Wien/Charkiw – Ein ukrainisches Gericht hat Mitte Juli einem Sanierungsplan der Charkiwer Traktorenfabrik (XTZ) zugestimmt und damit die Einleitung eines Konkursverfahrens verhindert. Die Lage des mit zumindest 41 Mio. Euro verschuldeten Unternehmens, an dem der Österreicher Siegfried Wolf nach eigenen Angaben etwa 30 Prozent hält, hatte sich zuletzt durch Ermittlungen des Geheimdiensts SBU massiv verschlechtert.
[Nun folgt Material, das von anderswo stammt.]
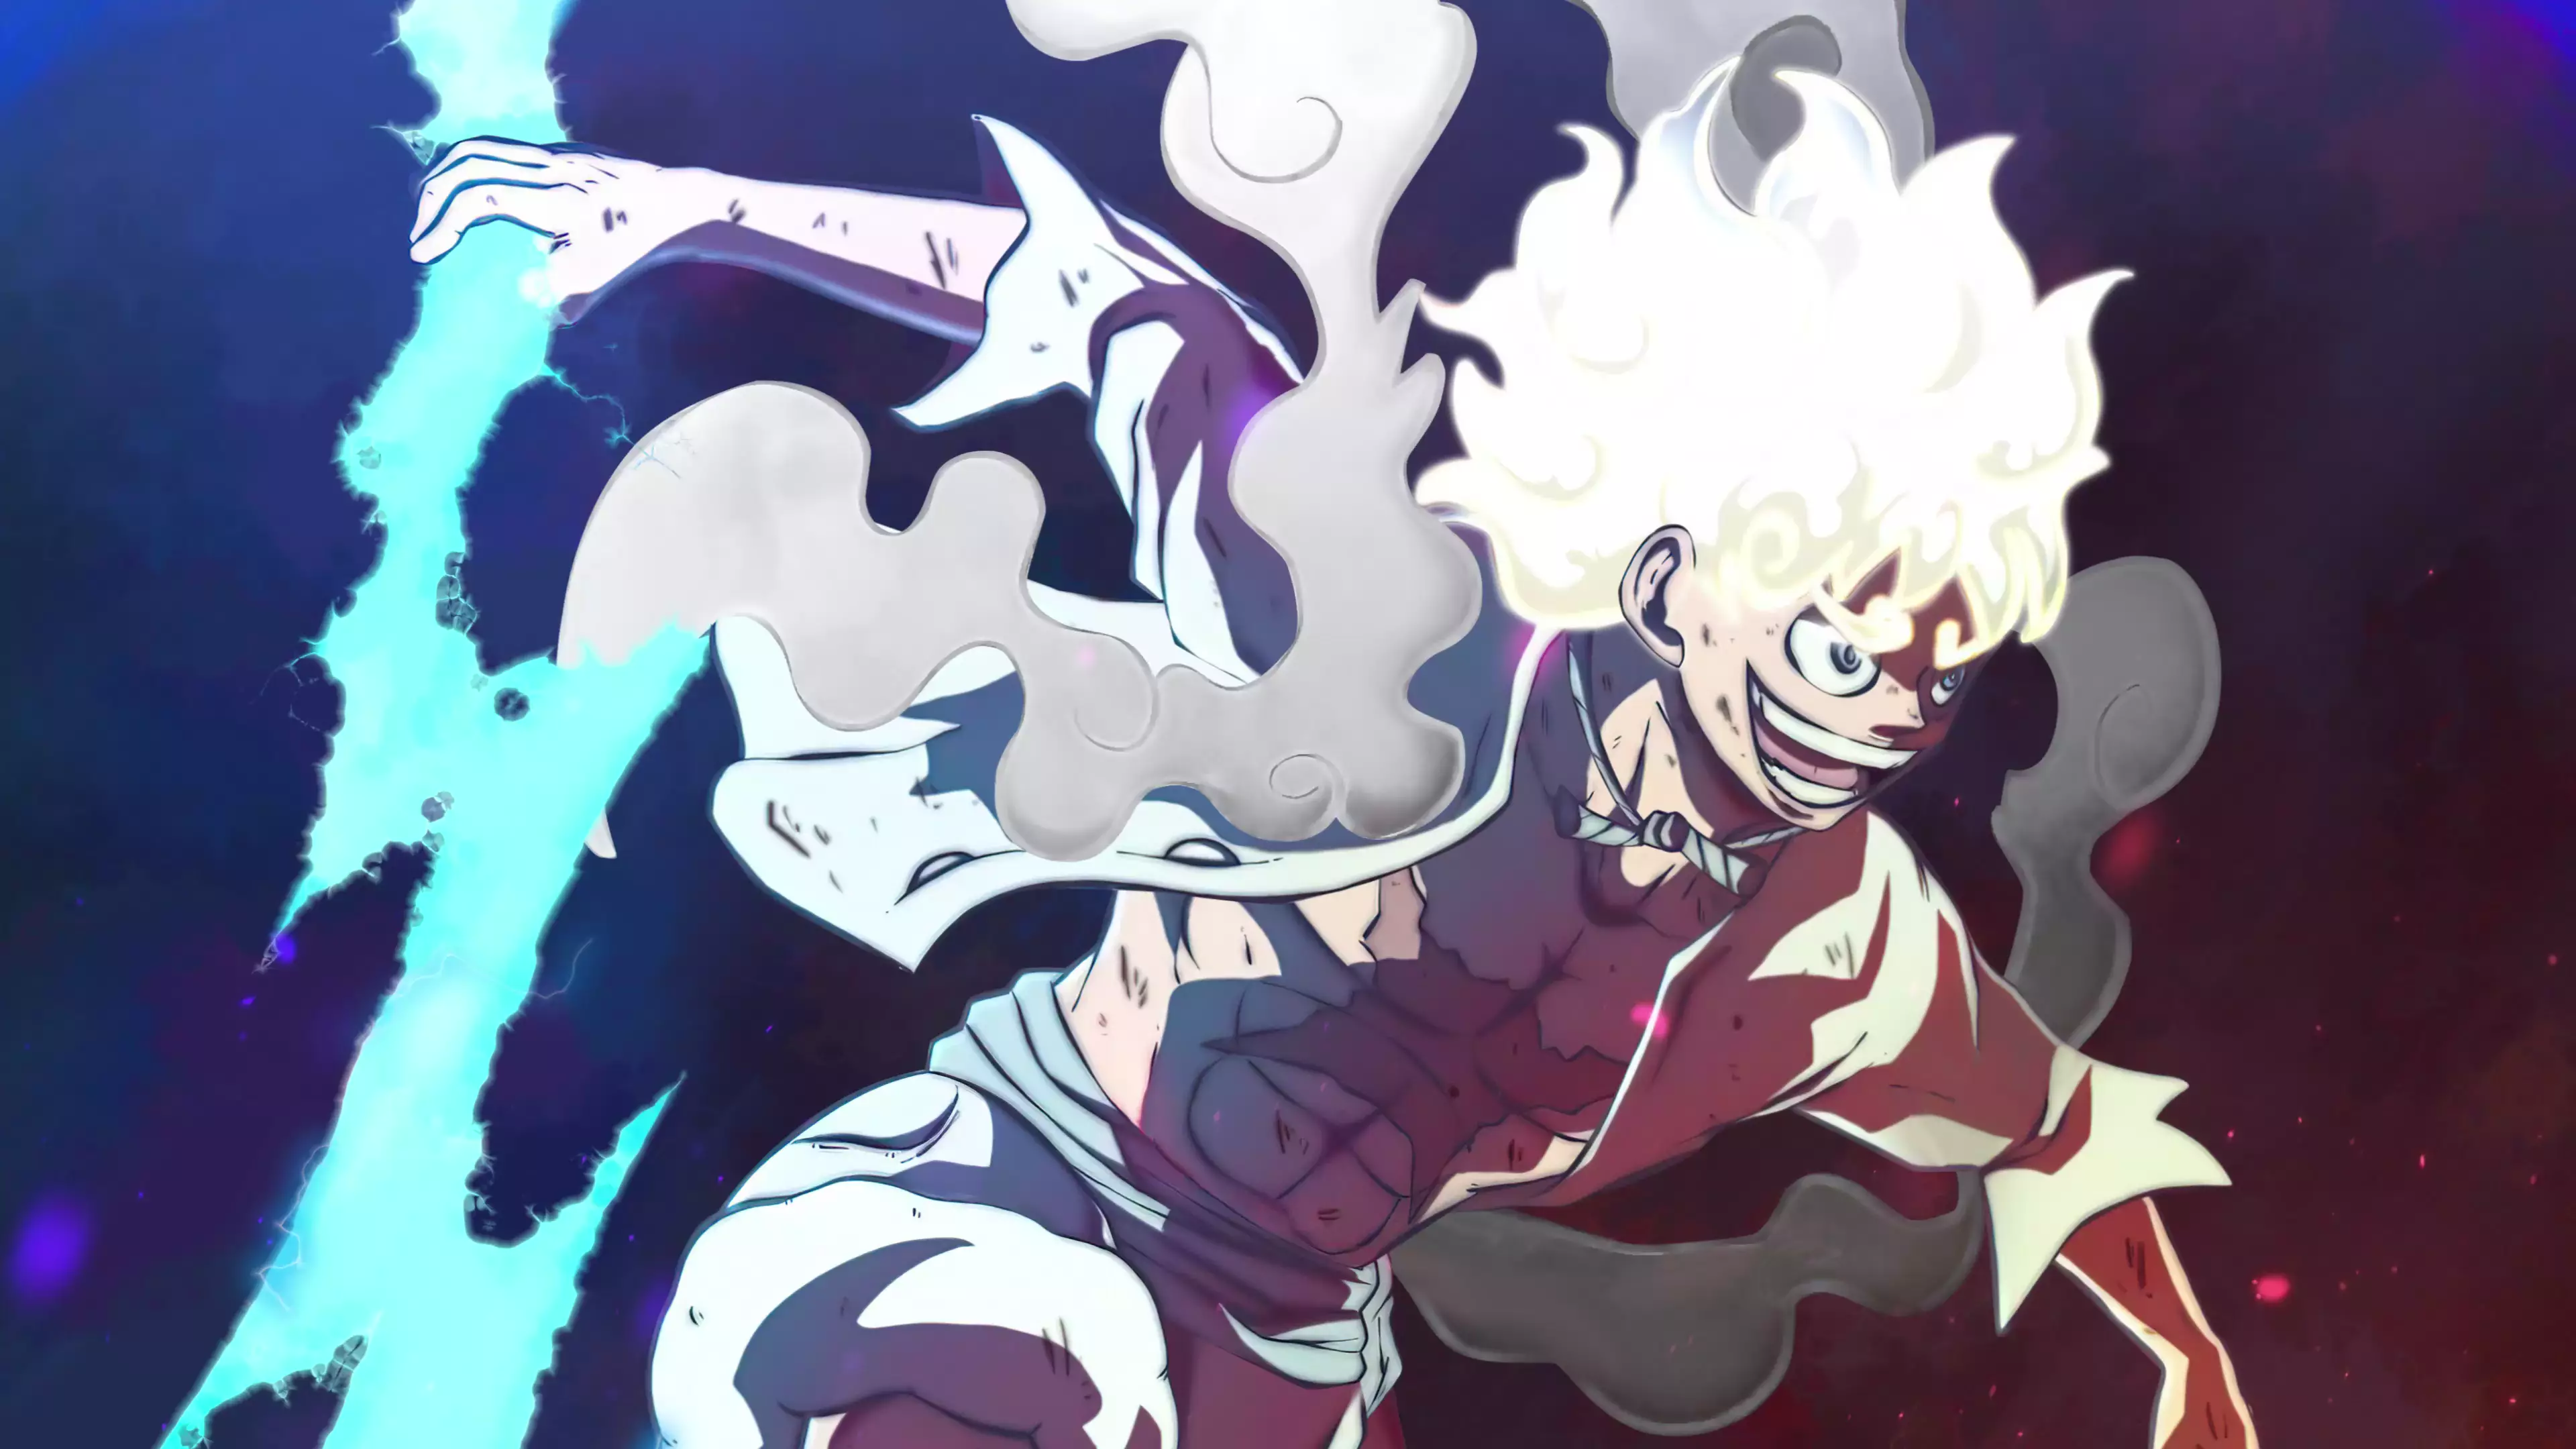 Video wallpaper Luffy Gear 5 with holding cybust lighting - One Piece (Anime )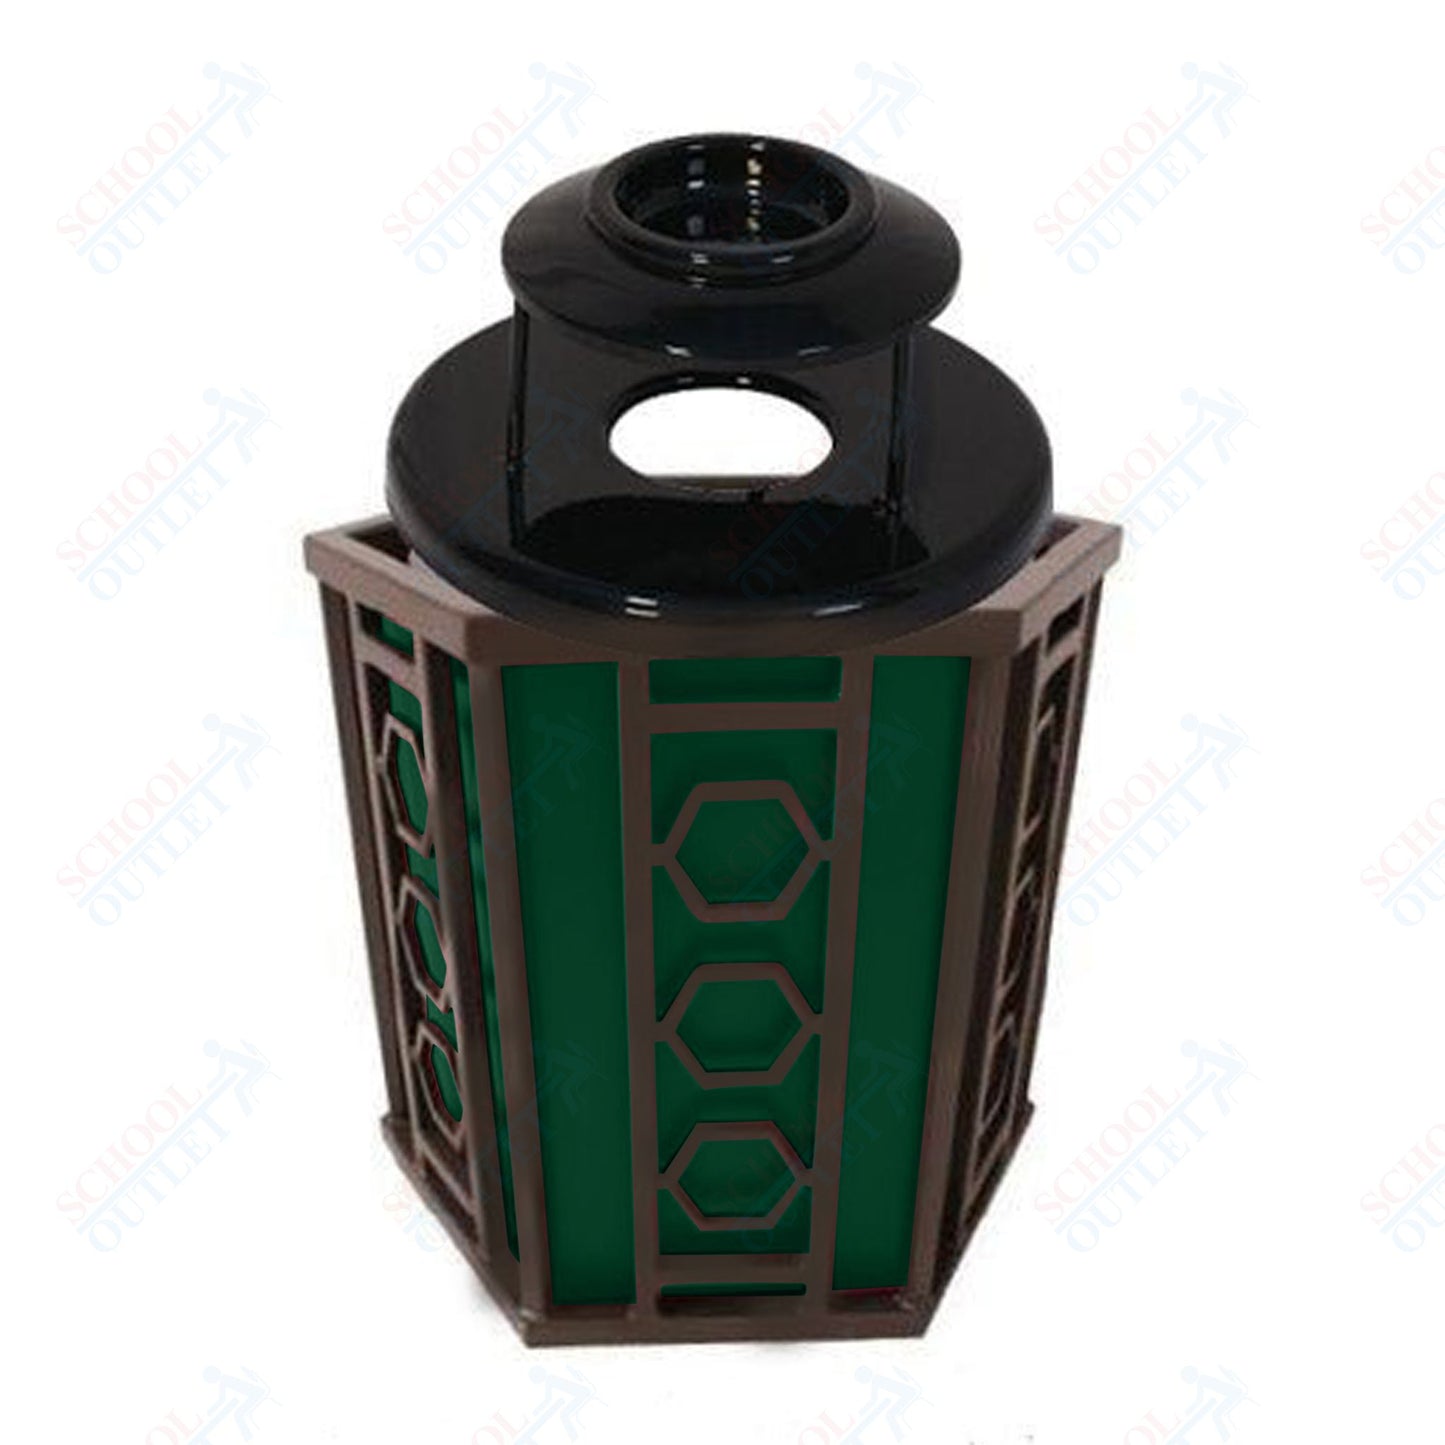 UltraPlay Huntington Trash Receptacle With Ash Urn Lid and Heavy Duty Plastic Liner - 32 Gallon

Bereits 2015 hatte die Charkiwer Traktorenfabrik (XTZ), die preisgünstige Traktoren für Abnehmer im postsowjetischen Raum produziert, mit einem Jahresverlust von 218 Mio. Hrywnja (7,9 Mio. Euro) abgeschlossen, insbesondere durch einen Einbruch am ukrainischen Markt. Die Lage des traditionsreichen Unternehmens, in dem 2015 etwa 2.800 Mitarbeiter tätig waren, verschlechterte sich aber im laufenden Jahr weiter. Die Schulden betrugen zuletzt zumindest 1,133 Mrd. Hrywnja (41,5 Mio. Euro).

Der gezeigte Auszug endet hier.